Consider the “Mmm, mmm, mmm, Barack Hussein Obama,” thing. It doesn’t take a political genius to figure out that he’s mocking hero worhsip, but the commentators called it “insidious”, because they have no sense of humor, and are incapable of detecting sarcasm.
It’s more than the fake quotes, it’s the intentional separation of his quotes from their tone and context, so they can be twisted into something hateful. When you listen to his show you get much more of the context surrounding quotes he’s attacking. As long as people are ripping their opponent’s statements away from the context that gives them meaning so that they can destroy them, it won’t matter if fact checking takes place. Might as well just go with the defense that it sounds like something he would say, even if he didn’t say it.
Charles,
Very good point. I’ve listened to Rush’s radio show enough to tell that he often is being very sarcastic or hyperbolic, as you say. Humor has been a time-honored weapon and he is free to wield it (and if you listen to the show he sometimes does so well). Was Jonathan Swift crazy when his “Modest Proposal” put forward eating Irish children? So is he a cannibal? What about Dostoevsky’s mocking of intellectuals in “Demons”? Does that make him anti-academic?
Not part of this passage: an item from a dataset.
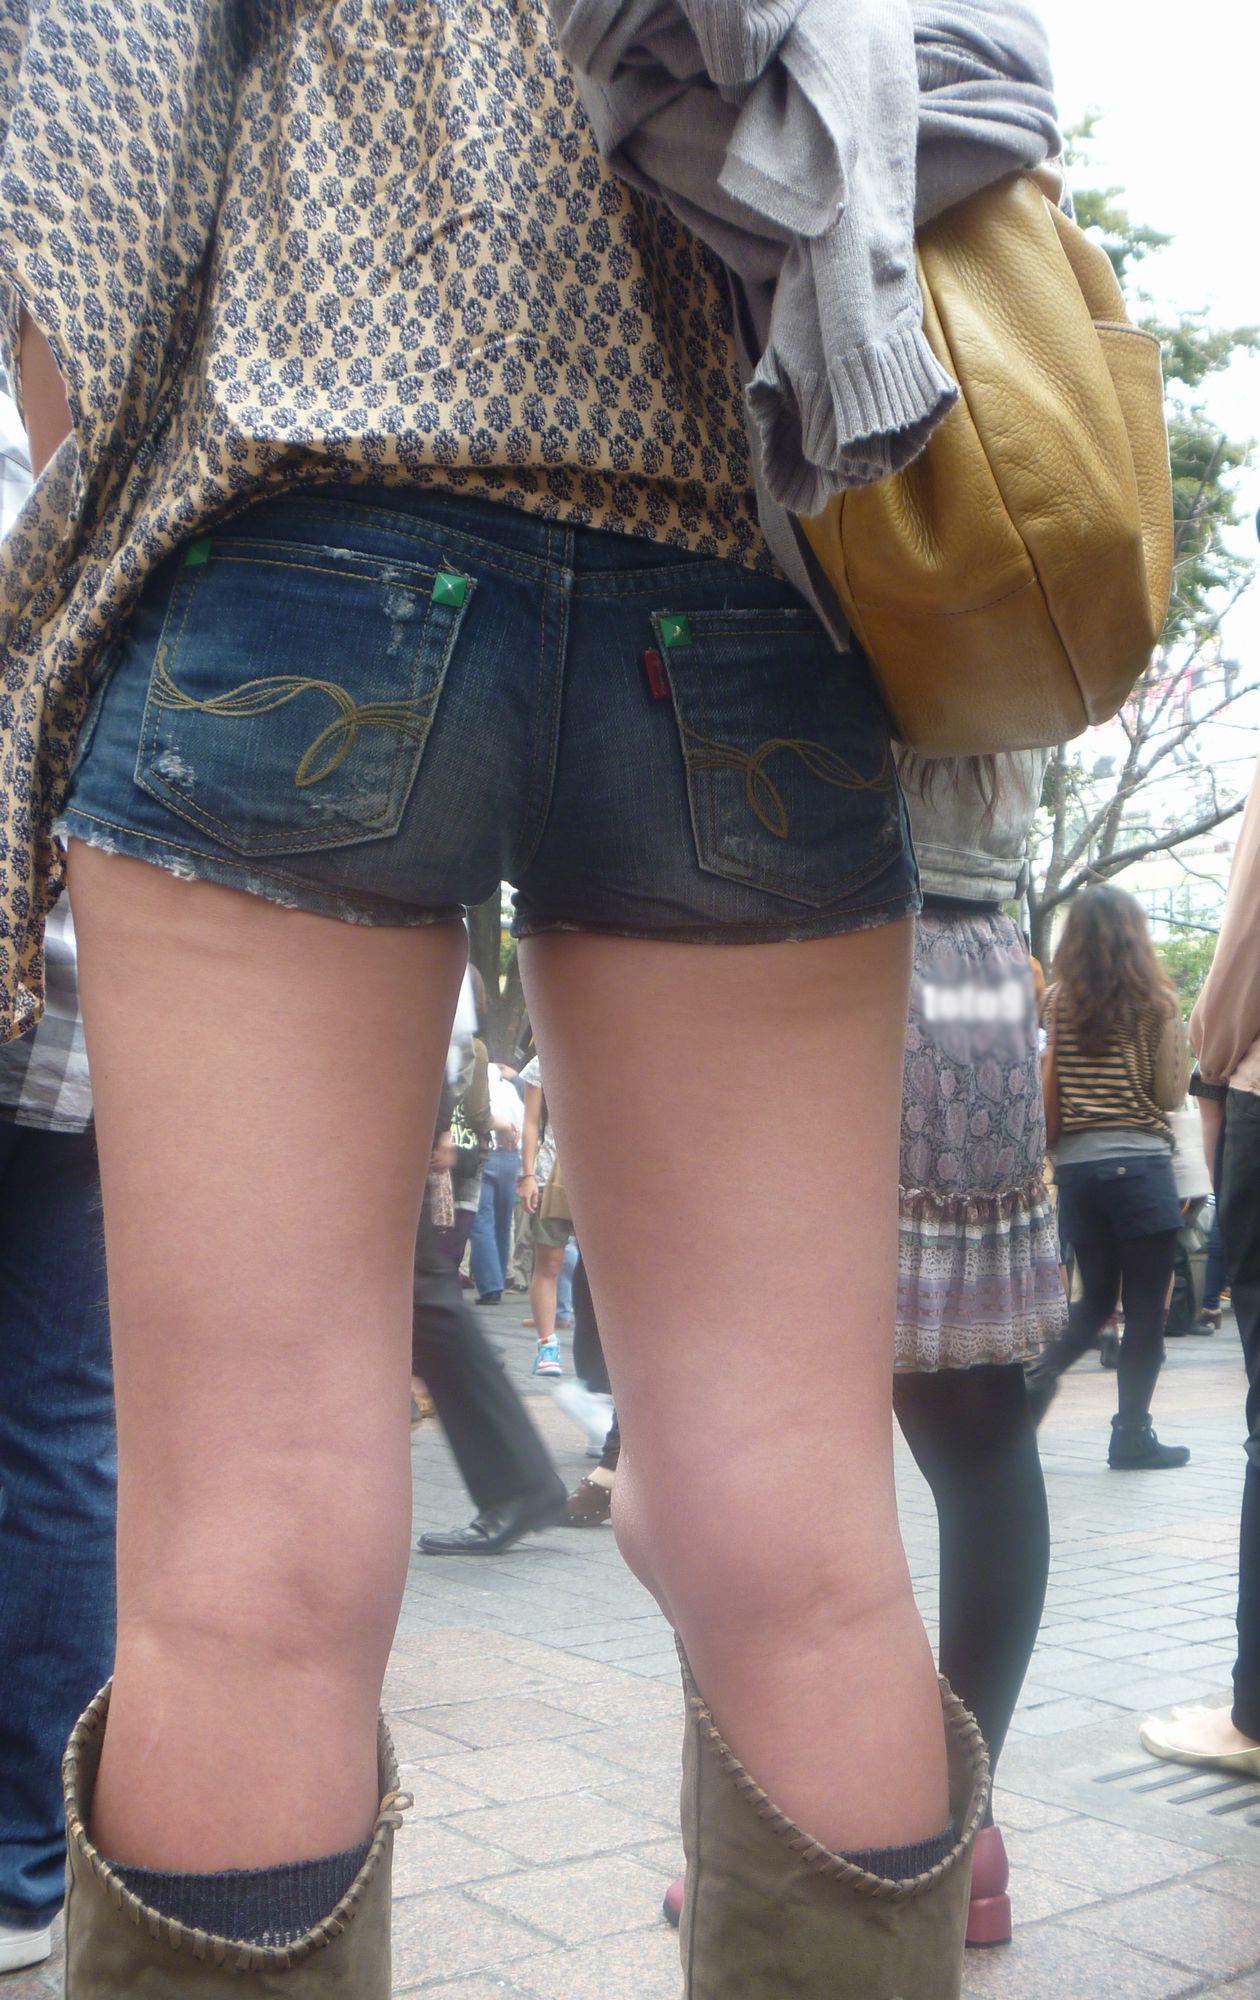 【短パン街撮り画像】美脚とヒップラインが際立つ短パン女性を背後から眺める 19

I wonder if a bigger issue isn’t coming about: the death of real humor. We take ourselves too seriously, and rebuff at being offended and cower at giving offense too much. In such a field, humor can’t last. Instead, it runs to increasingly smaller corners seeking the last redoubts of those who can take a joke.
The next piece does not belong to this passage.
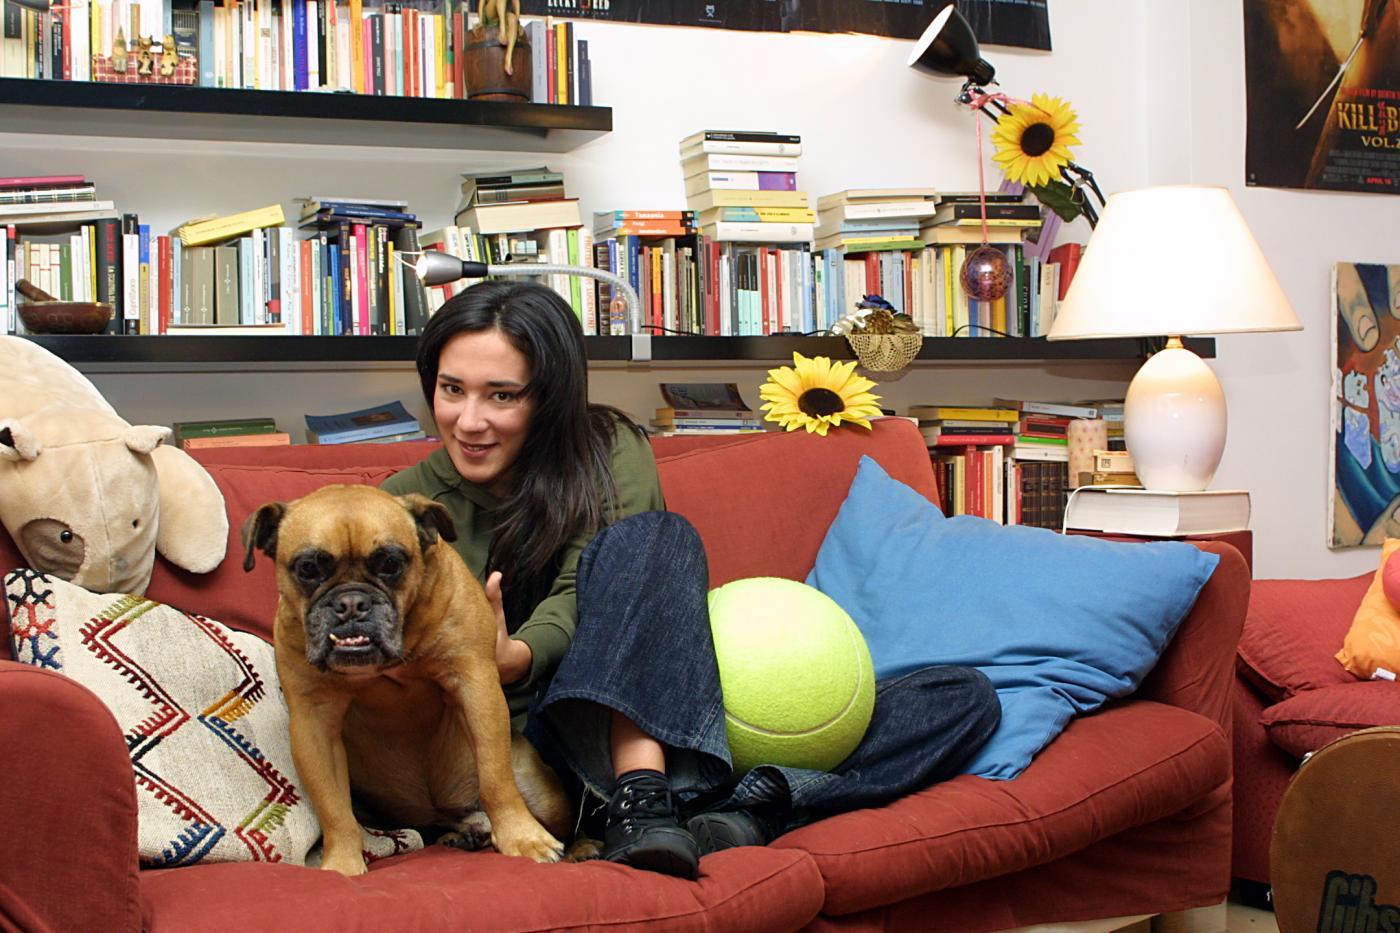 Qualcosa, il libro di Chiara Gamberale: un saggio esistenziale sotto forma di fiaba per adulti

Rush shouldn’t be the only person and the only approach people should listen to; duh. Just like I’m not going to read only academic journals and dead theologians (and hence actually try to partake in pop culture). It’s also why I find the Daily Show often to be very funny even though it pushes political perspectives I don’t agree with. I get the joke and can laugh, even when it might be making fun of me.